Rome wasn't built in a day — and neither was Pizzeria Cortile.

On Dec. 13, the pizzeria at 4400 Dayton Blvd., in north Red Bank, began to serve thin-crust, Neapolitan-style pizza baked in an imported Italian pizza oven that uses wood fire — and only wood fire.

It took about a year longer than expected to open the pizzeria pronounced "core tee lay."

"Basically, we ran out of money," said Justin Bennett, who co-owns Pizzeria Cortile with his wife, Amanda.

The Bennetts lease the space, but they got stalled lining up a federal Small Business Administration loan to finish improvements to their building, which is just one business away from Dub's Place BBQ and Burgers.

The young couple finally got funding that worked through Southern Heritage Bank, a Cleveland, Tenn.-based community bank that recently opened its first Chattanooga branch near Hamilton Place mall.

"They've been super helpful," said Bennett.

He did much of the remodeling work himself, but needed outside help for such things as electrical work.

To buy the pizza oven, the Bennetts launched a Kickstarter campaign in 2016 that raised $11,081 through 116 individual donations to be repaid by the restaurant through such things as pizza and T-shirts.

Pizzeria Cortile, which has two dozen employees and seats about 45 people inside, has been busy — even though the Bennetts waited a few days to announce the opening on their Facebook page.

"Every night we fill up at least once," Bennett said. "We have a lot of repeat business."

The menu includes a Caesar salad for $7, 12-inch pizzas that range from $8 to $10, cannoli at $7 for dessert, and beer on tap for $6 a pint.

The Bennetts hope to get permission from the city of Red Bank to allow bring-your-own wine.
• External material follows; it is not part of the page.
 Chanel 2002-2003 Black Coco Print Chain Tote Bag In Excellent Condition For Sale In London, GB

Eventually, the restaurant wants to serve wine.

Cortile is Italian for "courtyard" or "gathering place for the community."

"Our neighbors have been coming in," said Bennett, a Red Bank native and resident. "People moving in [to Red Bank] want something you can get downtown — but get it at their place."
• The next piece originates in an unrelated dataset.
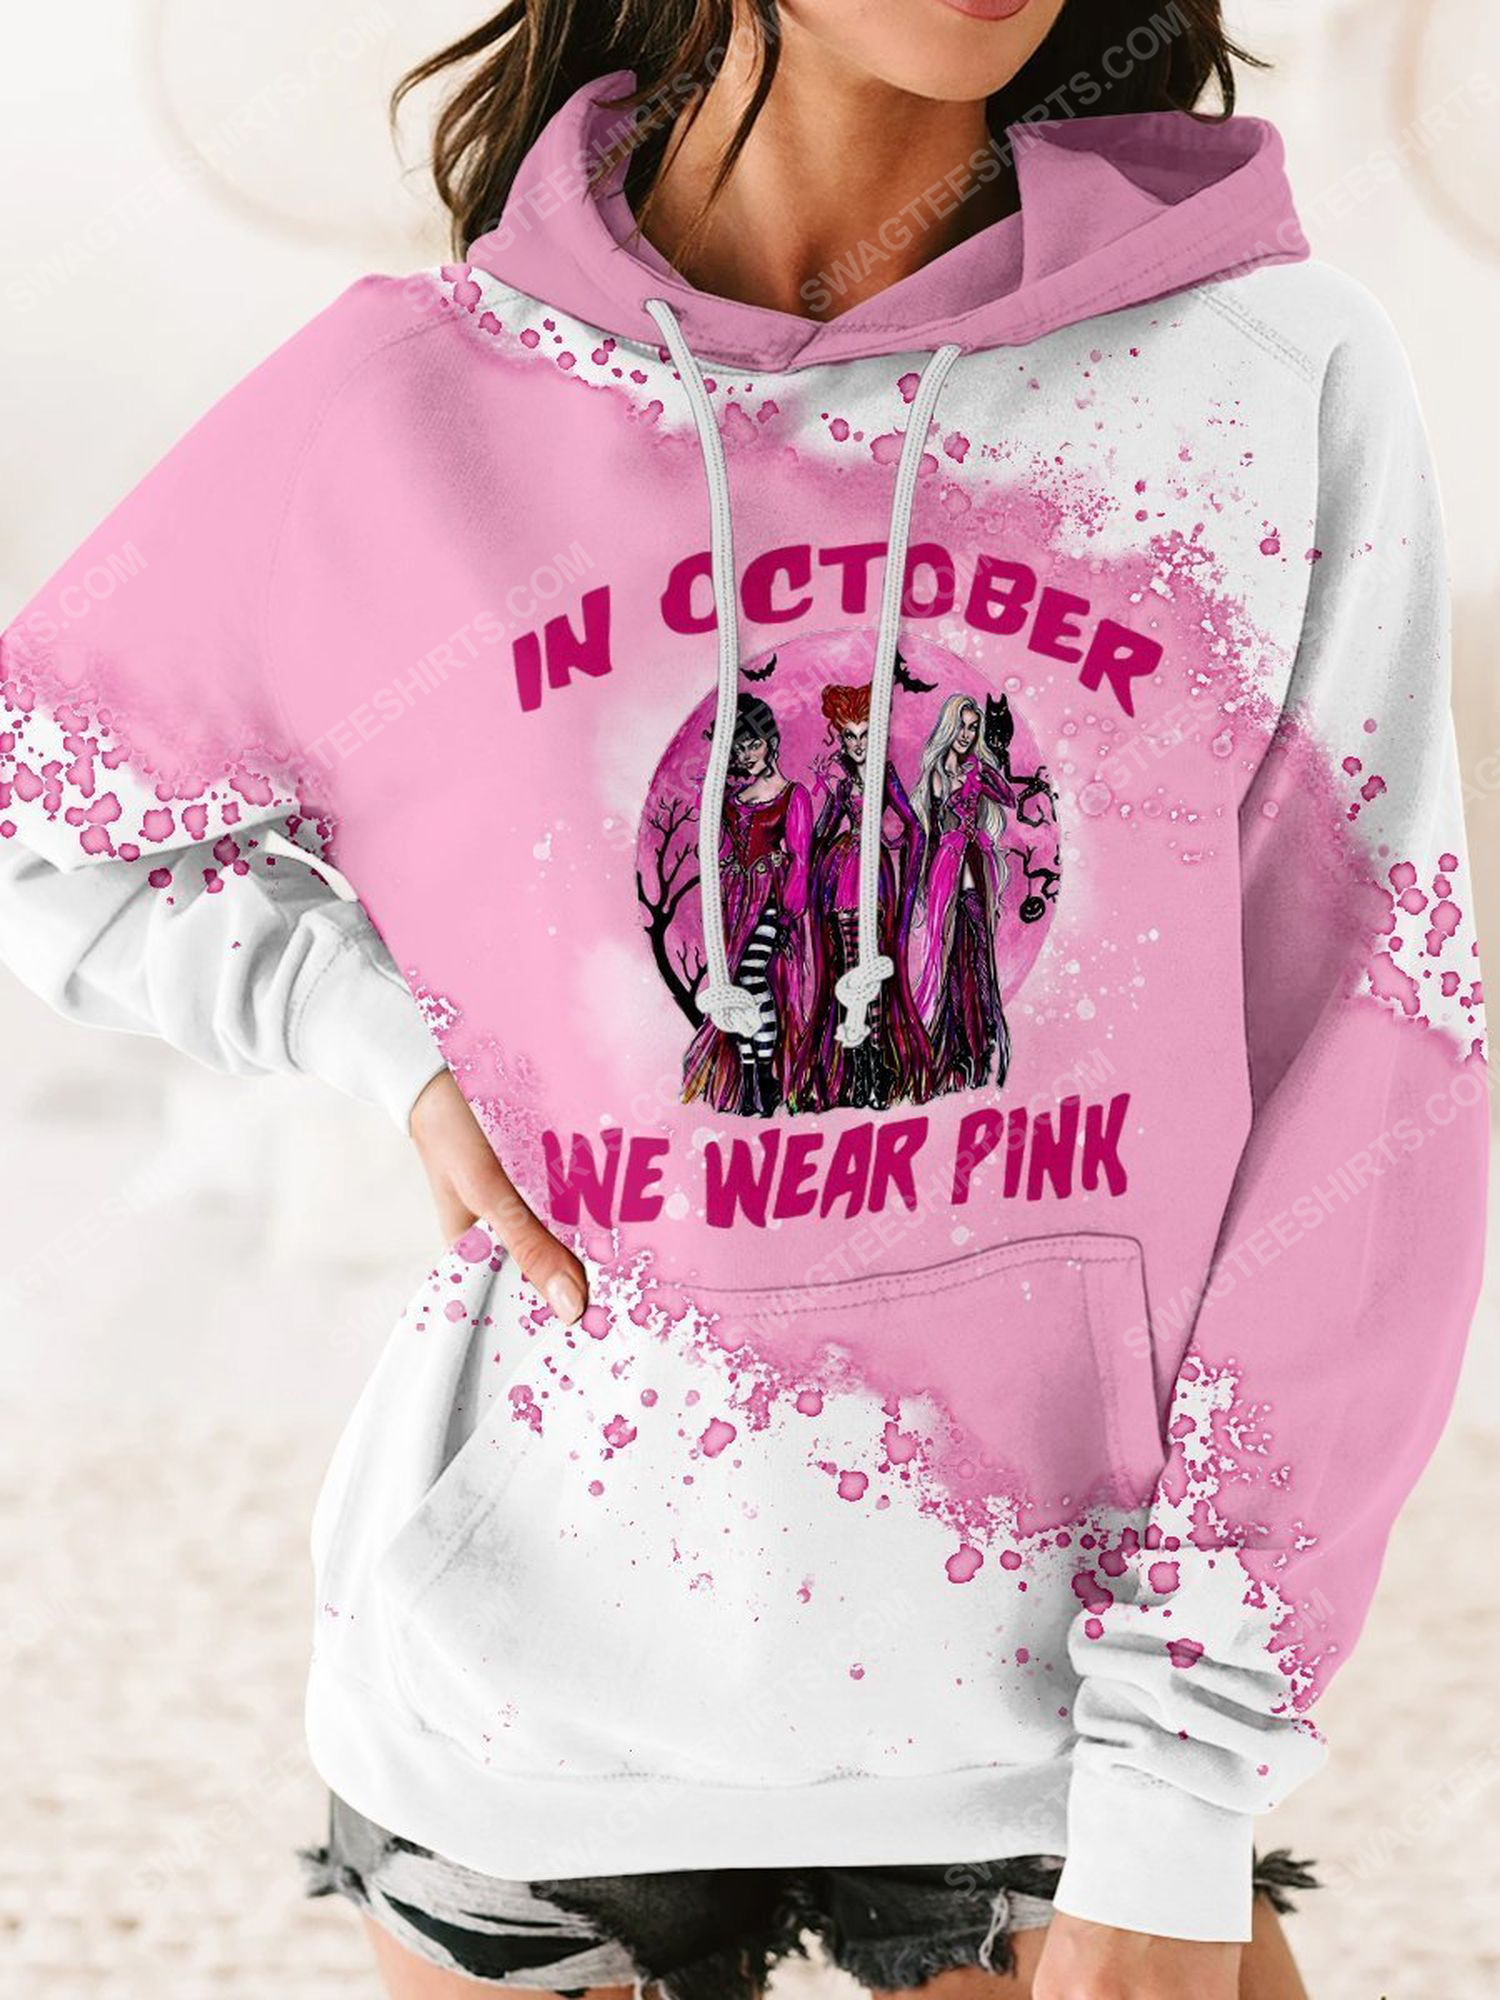 Breast cancer in october we wear pink hocus pocus witch full print shirt 1 - Copy (2)

Jordan Miller, the owner of Dub's Place, likes Pizzeria Cortile's simple menu, its setup and the way the Bennetts fixed up the building.
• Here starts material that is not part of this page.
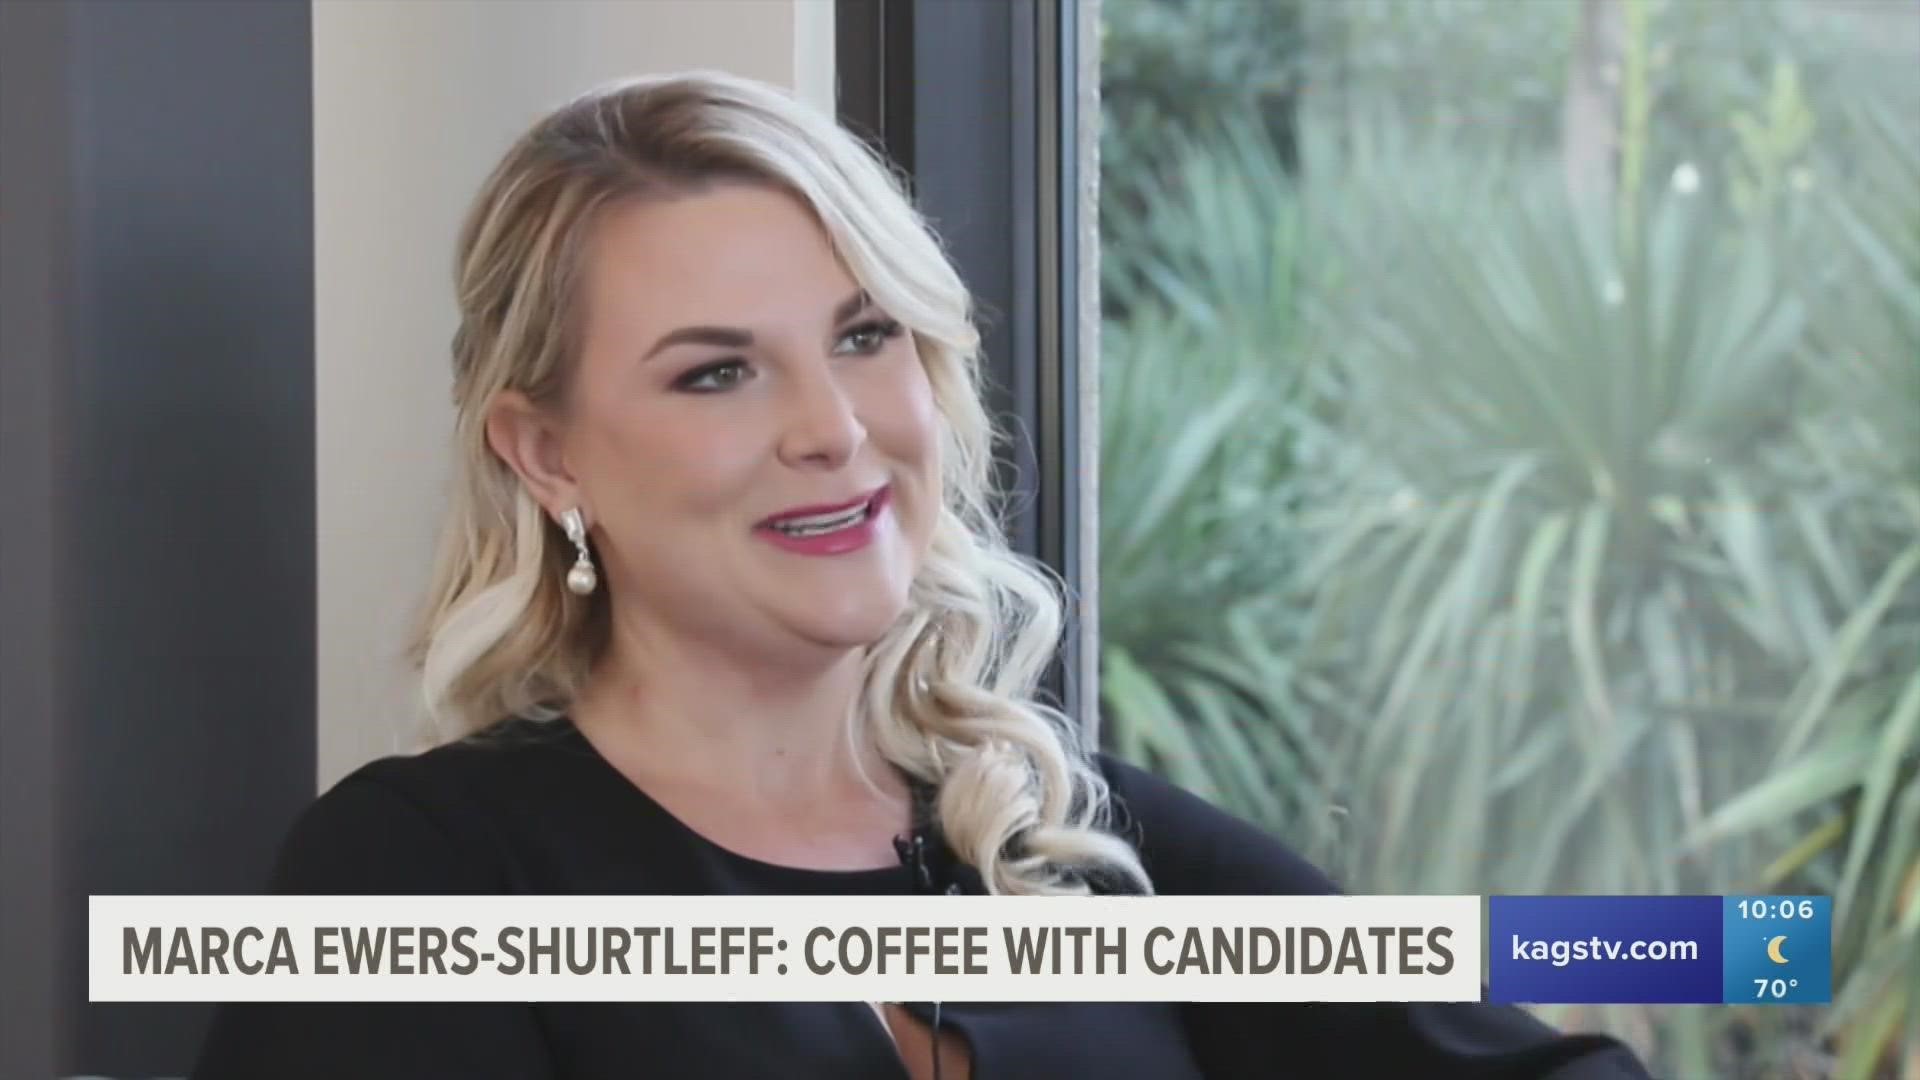 Marca-Ewers Shurtleff is a lawyer in Bryan who has served on several boards. Now, she's running for District 5 on the Bryan City Council.

"I'm really happy to have him as my neighbor," Miller said. "Anytime we can draw people past Ashland Terrace in Red Bank is a good thing."

While Pizzeria Cortile is the Bennetts' first restaurant, it grew out of the food truck from which they sold pizza, Local Slice.

The Bennetts aren't superstitious — at least not about 13 — because they launched Local Slice on Dec. 13, 2012, and opened Pizzeria Cortile on Dec. 13 of this year.

"It was five years to the day," Bennett said of the time lapse between the business openings.